You could also filter by filesystem type, by applying an appropriate regex to $3.

----------

## Dominique_71

Hu you are right, but it will add a dependency. I must think about it.

----------

## dmpogo

 *Dominique_71 wrote:*   

> Hu you are right, but it will add a dependency. I must think about it.

 

One issue to consider is that on some systems /etc/mtab can be a symlink to /proc/mounts, which contains the same information + extra info on mount options.  Actually mount man pages advises to use such a symlink in some circumstances.

I'm not sure what 'mount'  will produce then,  but direct 'cat' will have a notch different format.Last edited by dmpogo on Sun Oct 10, 2010 8:49 pm; edited 1 time in total

----------

## Hu

 *Dominique_71 wrote:*   

> Hu you are right, but it will add a dependency. I must think about it.

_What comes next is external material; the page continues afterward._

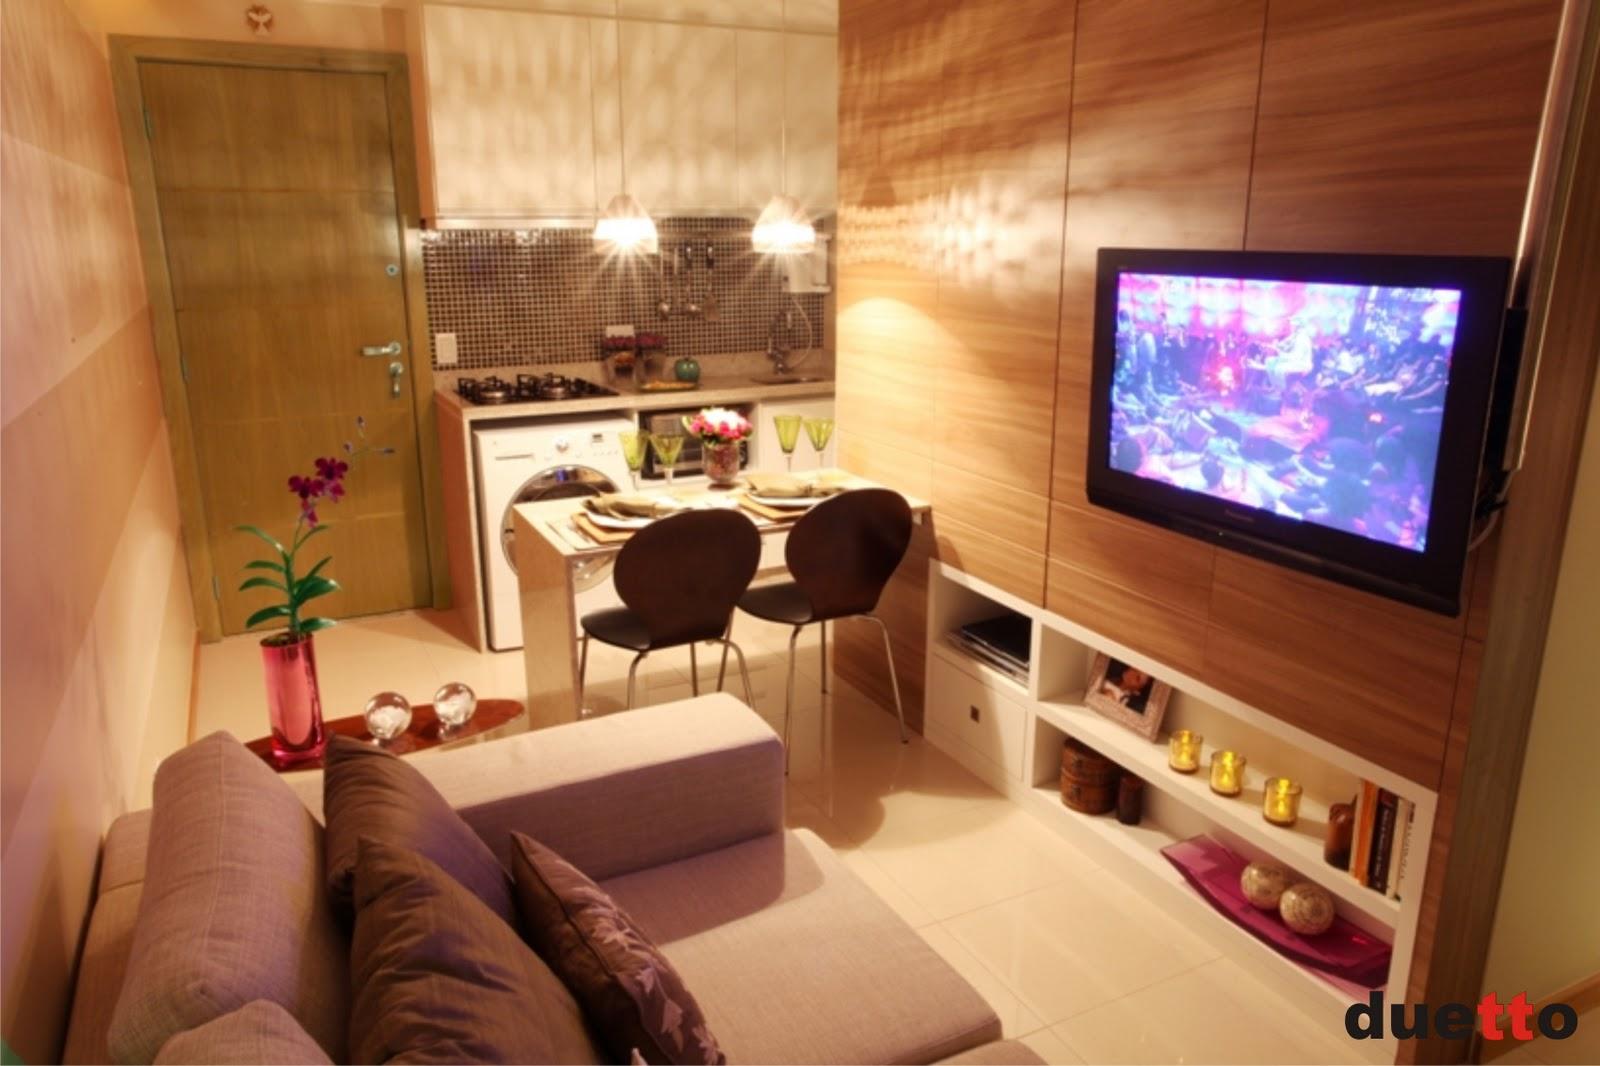 decoracao simples para ambientes pequenos : decoracao simples para ambientes pequenos:No painel da sala escondem-se nichos de diversos tamanhos.

 It removes three dependencies and adds one.  That seems like a net benefit to me.  What are you concerned about here?

----------

## Dominique_71

 *dmpogo wrote:*   

> 
> 
> One issue to consider is that on some systems /etc/mtab can be a symlink to /proc/mounts, which contains the same information + extra info on mount options.  Actually mount man pages advises to use such a symlink in some circumstances.

 

It also say "If /proc is mounted...". So, to check /proc/mounts will not work in any case.

 *Quote:*   

> I'm not sure what 'mount'  will produces then,  but direct 'cat' will have a notch different format.

 

I will modify it and use "mount" instead of  "cat /etc/mtab".

 *Hu wrote:*   

> 
> 
> It removes three dependencies and adds one. That seems like a net benefit to me. What are you concerned about here?

 

I want to publish it with fvwm-crystal new release. cat is part of coreutils, so it is not really a dependency, mount is present on every system (part of util-linux) so it is not really a dependency either, grep and sed are already used by fvwm crystal, and to use them one more time will not add a dependency.

----------

## Etal

What Hu means is that cat and grep are completely useless and add additional overhead of running 4 different processes instead of 2.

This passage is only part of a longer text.